Uma alternativa em estudo é a introdução, por cirurgia intrauterina, de um microbalão de plástico na traquéia do bebê, técnica denominada de traqueo-oclusão. Fechada a traquéia, impede-se a saída de líquido amniótico produzido no pulmão, que então se expande e empurra o intestino para baixo. Anderson Gonçalves e Alexandre Iscaife, alunos de iniciação científica (bolsa Pibic/CNPq) que estudam o desenvolvimento pulmonar, conseguiram realizar esta traqueo-oclusão em fetos de rato de 18 dias e meio. “O trabalho original foi iniciado nos EUA durante o pós-doc com ratos de 19 dias e meio e foi capa da American Journal of Physiology. Aqui, com dois alunos da medicina, estamos conseguindo o procedimento com 1 dia a menos”, observa Sbragia.

Gastrosquise – Outra linha de pesquisa, que na verdade motivou a criação do Laboratório Experimental, direciona-se à gastrosquise, defeito congênito onde a parede abdominal do bebê bem ao lado do umbigo não se fecha e o intestino nasce para fora. A incidência é de 1 para cada dois mil nascimentos; a mortalidade é de 10%, mas a morbidade é alta. Após o nascimento, o bebê deve ser operado para retornar o intestino para a cavidade abdominal. Porém, devido à exposição dos intestinos ao líquido amniótico ocorre inflamação das alças, o que leva a retardo dos movimentos intestinais. “Como eles evacuam a cada mamada, os bebês precisam ficar internados em média por 45 dias, com alto custo hospitalar e alto índice de complicações até o retorno das funções intestinais”, acrescenta.

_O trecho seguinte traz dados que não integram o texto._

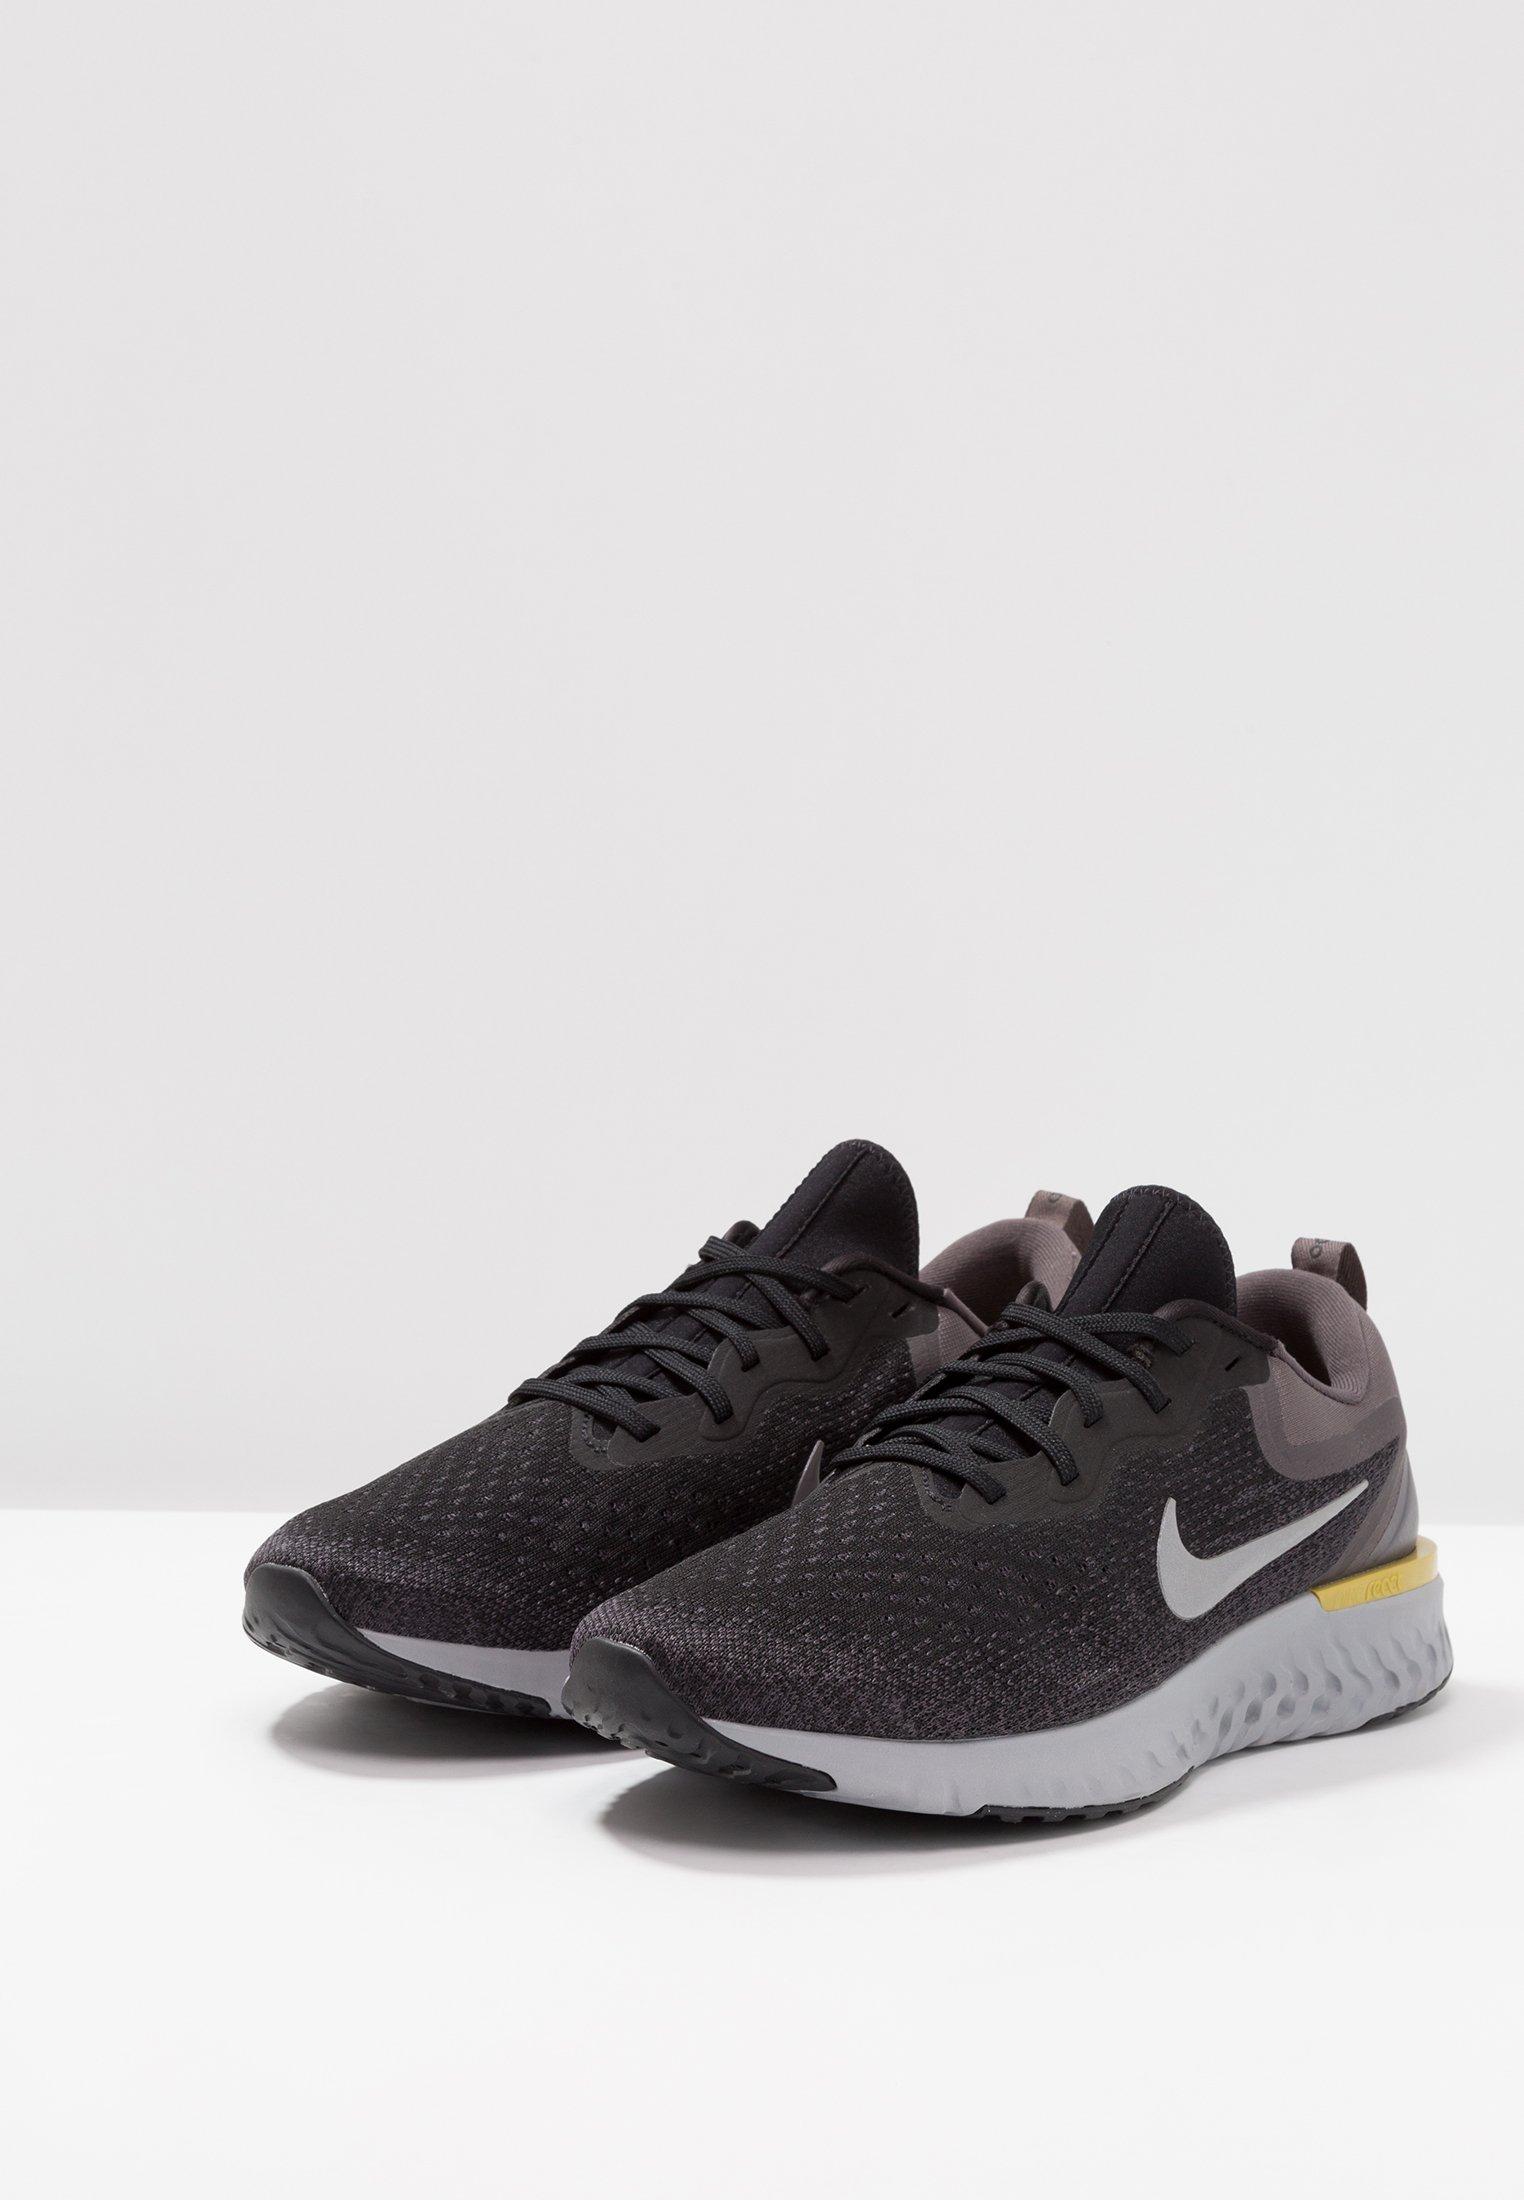 Grey thunder metallic Grey Odyssey Nike Black Performance De Neutres Moss atmosphere peat Running Pewter ReactChaussures tCrdxhsQ

O próprio professora se encarrega de estudar o processo inflamatório intestinal. Um aluno de doutorado, Willy França, pesquisa a parte neuronal do intestino acometido. Daniel Bittencourt, mestrando, busca o melhor tratamento intra-útero, avaliando o uso do corticosteróide, anti-inflamatório muito empregado em obstetrícia para maturar o pulmão do bebê. Em agosto, Roberto Teixeira defenderá tese de doutorado sobre o retardo do crescimento intrauterino na gastrosquise. “Em pesquisa no Brasil, temos que correr atrás. A corredora Zeferina Baudaia, que treinava descalça no meio do canavial e acabou ganhando a São Silvestre, é uma inspiração”, compara.

Legislação fetal – Lourenço Sbragia observa que no Brasil a legislação permite o aborto em casos de estupro, risco de vida materno elevado e em casos individualmente julgados na eventualidade de fetos sem esperança de vida, como por exemplo os anencéfalos ou fetos sem crânio. “Em países desenvolvidos, a lei diz que a mulher tem o direito supremo de decidir sobre o futuro da sua gravidez. Em nosso país, sem fazer qualquer juízo de valor, na gestação de uma criança com defeito congênito, que implicará em situação futura gravíssima para a criança, a família e a sociedade, as leis precisam ficar claras e o sistema de saúde deve estar preparado para amparar o feto malformado. Discussões éticas mais aprofundadas e novas legislações serão inevitáveis nos próximos anos, no que diz respeito à clonagem de embriões, implante de células tronco, bioengenharia de tecidos fetais, tratamentos invasivos fetais, direitos fetais, direitos maternos e amparo governamental em medicina fetal”, adverte.

Do ponto de vista político, Lourenço Sbragia defende a criação de centros de excelência regionais no país, como já ocorre no hemisfério norte. Afirma que enviou ao Ministério da Saúde projeto para a criação de um berçário com dez leitos de UTI no Centro de Atenção Integral à Saúde da Mulher (Caism) da Unicamp, o que garantiria o atendimento na região para os pacientes malformados com prognóstico e intervenções fetais. “Solicitamos 1,5 milhão de reais, quantia que garantiria a criação de uma estrutura para o atendimento especializado de alta complexidade, mas não obtivemos retorno. Precisamos amparar essa gente. Só queremos mandar essas crianças para a escola”.